WebScrapingCompleted¶
Sent when all requested URLs have been processed:
class WebScrapingCompleted(BaseModel):
id: str # ID of the original request
links: List[MediaLink] # List of all successfully scraped URLs
ErrorMessage¶
Sent when scraping fails for a specific URL:
class ErrorMessage(BaseModel):
agent_type: str
error_type: str
error_message: str
Behavior¶
- The agent launches a headless Chrome browser using Playwright
- For each URL in the request:
- Navigates to the URL
- Checks for successful HTTP status (200)
- Extracts the page content
- Transforms the content (to Markdown if requested)
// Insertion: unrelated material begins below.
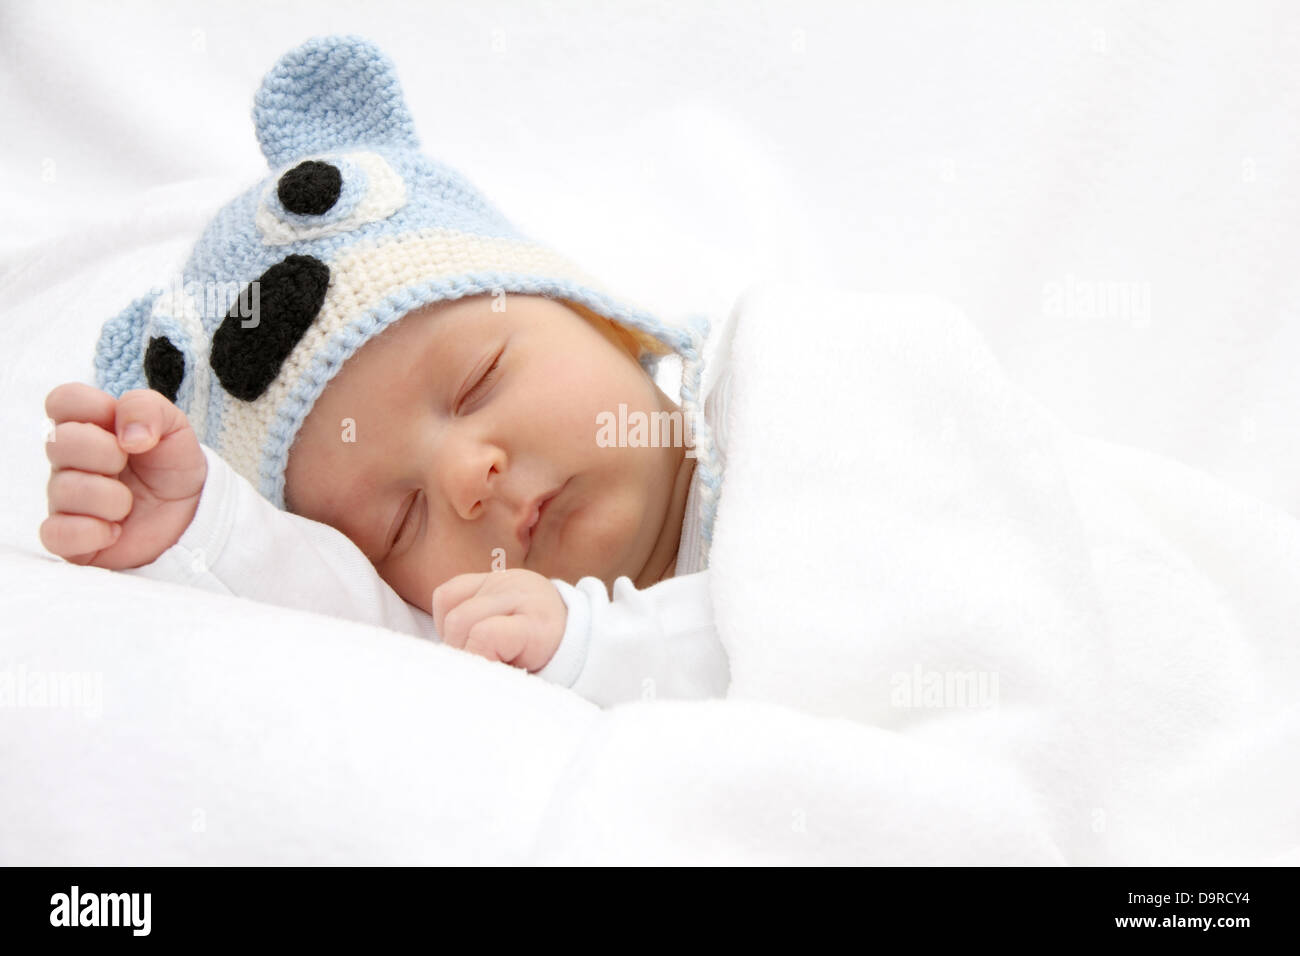 Sleeping baby with knitted hat Stock Photo

- Stores the content to the filesystem
- Emits a MediaLink message for the stored content
- After processing all URLs, it emits a WebScrapingCompleted message
The scraped content is saved in the scraped_data/
directory with filenames based on a hash of the content.
Sample Usage¶
from rustic_ai.core.guild.builders import AgentBuilder
from rustic_ai.core.guild.agent_ext.depends.dependency_resolver import DependencySpec
from rustic_ai.playwright.agent import PlaywrightScraperAgent
# Define a file system dependency
filesystem = DependencySpec(
class_name="rustic_ai.core.guild.agent_ext.depends.filesystem.FileSystemResolver",
properties={
"path_base": "/tmp",
"protocol": "file",
"storage_options": {
"auto_mkdir": True,
},
},
)
# Create the agent spec
playwright_agent_spec = (
AgentBuilder(PlaywrightScraperAgent)
.set_id("web_scraper")
.set_name("Web Scraper")
.set_description("Scrapes web content using Playwright")
.build_spec()
)
# Add dependency to guild when launching
guild_builder.add_dependency("filesystem", filesystem)
guild_builder.add_agent_spec(playwright_agent_spec)
Example Request¶
from rustic_ai.core.agents.commons.media import MediaLink
from rustic_ai.playwright.agent import WebScrapingRequest, ScrapingOutputFormat
# Create a request to scrape two URLs and convert to Markdown
request = WebScrapingRequest(
links=[
MediaLink(url="https://example.com"),
MediaLink(url="https://rustic.ai/docs"),
],
output_format=ScrapingOutputFormat.MARKDOWN
)
# Send to the agent via messaging system
client.publish("default_topic", request)
Notes and Limitations¶
- The agent requires a working installation of Playwright and a browser
- For security, it's recommended to run with appropriate sandboxing
- Consider rate limiting and respecting robots.txt for production use
- Large pages may consume significant memory